Он наблюдал, как обычный день превращается в стихию. Ураган несся вдоль улиц, круша строения. Ветер выл в печных трубах, и хохотал над искаженными от страха лицами людей. Деревья клонились к земле. Их стволы трещали под напором дождя. Град хлестал растерянных людей, которые не успели спрятаться. Ветер сбивал с ног. Упав, жители не могли подняться. Потоки воды бурлили на мощеных улочках, унося с собой добычу. Визг, плач, крики людей и вой ветра – все утонуло в шуме урагана. Площадь опустела, и ужасный эшафот был сметен, разлетевшись на куски. Казнь откладывалась, и инквизиторы негодовали. Точно злые шакалы, смотрели они друг на друга. Их зубы стучали от страха, таившегося в их греховных душах.

Ураган затих, но еще долго жители города не могли забыть его. Почти в каждой семье кого-то оплакивали.

На город опустились сумерки. Ясные звезды светили мерцающим светом. До полнолунья остался один день. Один единственный день – и гомункул станет не победим.

* * *

Всю ночь на площади стучали молотки, восстанавливая эшафот. И только красные лучи солнца взошли над землей, возвещая о новом дне, площадь запрудила толпа любопытных. Кто-то плевал в сторону эшафота, и проходил мимо, кто-то крестился, и боясь возмездия колдуна, спешил прочь, иные вовсе не выходили из дома, но площадь не была пуста – так хотели инквизиторы. С горящими ненавистью глазами, обвиняя во всем колдунов. В справедливом гневе они жаждали полюбоваться на костер.

Глубоко вздохнув, колдун оперся на посох и, хромая пошел прочь из своего дома. Он направился на площадь, которая хранила следы вчерашнего урагана. Остановившись в тени домов, ни кем не замеченный, старик смотрел на сына.

Палач грубо сбросил беспомощного, искалеченного юношу на землю и привязал к столбу. Толпа ликовала. Бесцветные старческие глаза отца подернулись слезами. Он сильно любил мальчика. Старик молил, что бы «их» бог дал ему смелости.

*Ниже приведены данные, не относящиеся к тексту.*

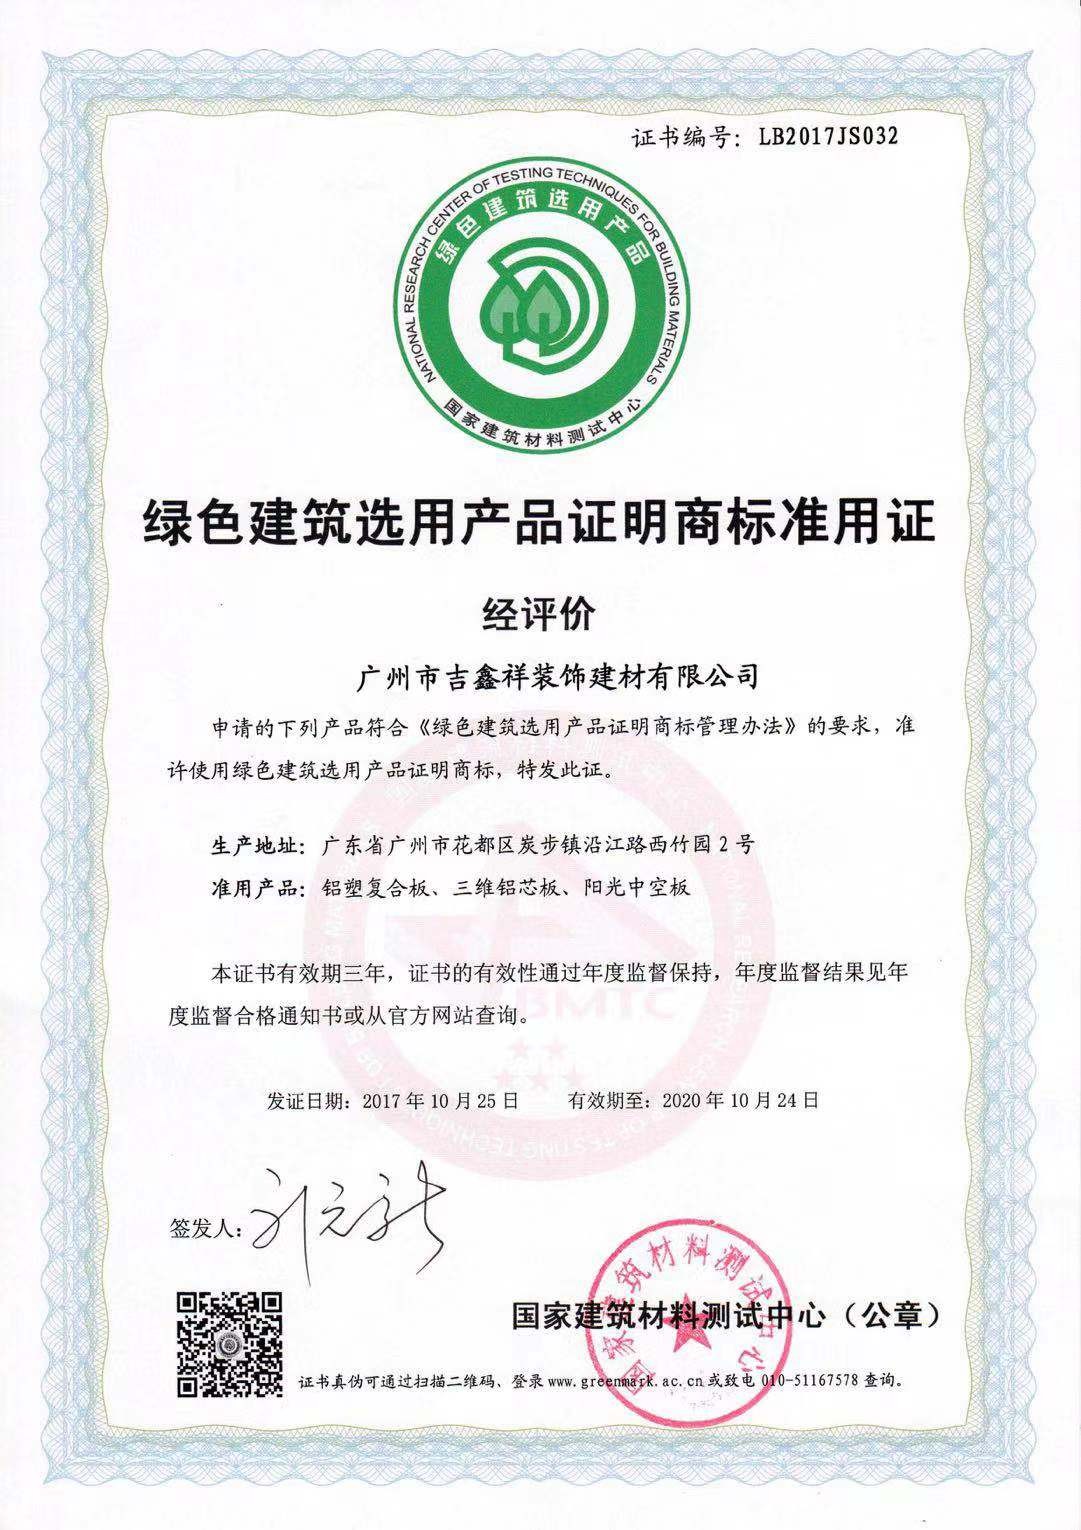 certificat de materiale de construcții verzi

Факел был зажжен, и, глядя на испепеляющие языки пламени, юноша рывком поднял голову к серому небу. Он подставил открытое лицо ветру, трепавшему его темные волосы. На востоке во все небо разливалась заря. Его сердце тревожно и глухо билось. Он хотел насладиться последней минутой жизни. Вновь не уверенно накрапывал дождик, но этого было мало, что бы потушить огонь. Юноша посмотрел на зеленый лес, за тусклой завесой дождевых брызг. Все, что было – было позади! Дождь с силой бросил ему в лицо пригоршню холодной воды. Ему осталось жить всего несколько минут. Сила воли уступила место страху, и он вскричал в мертвые небеса:

 

– Отец! Почему ты оставил меня? Я жду тебя, приди и утешь!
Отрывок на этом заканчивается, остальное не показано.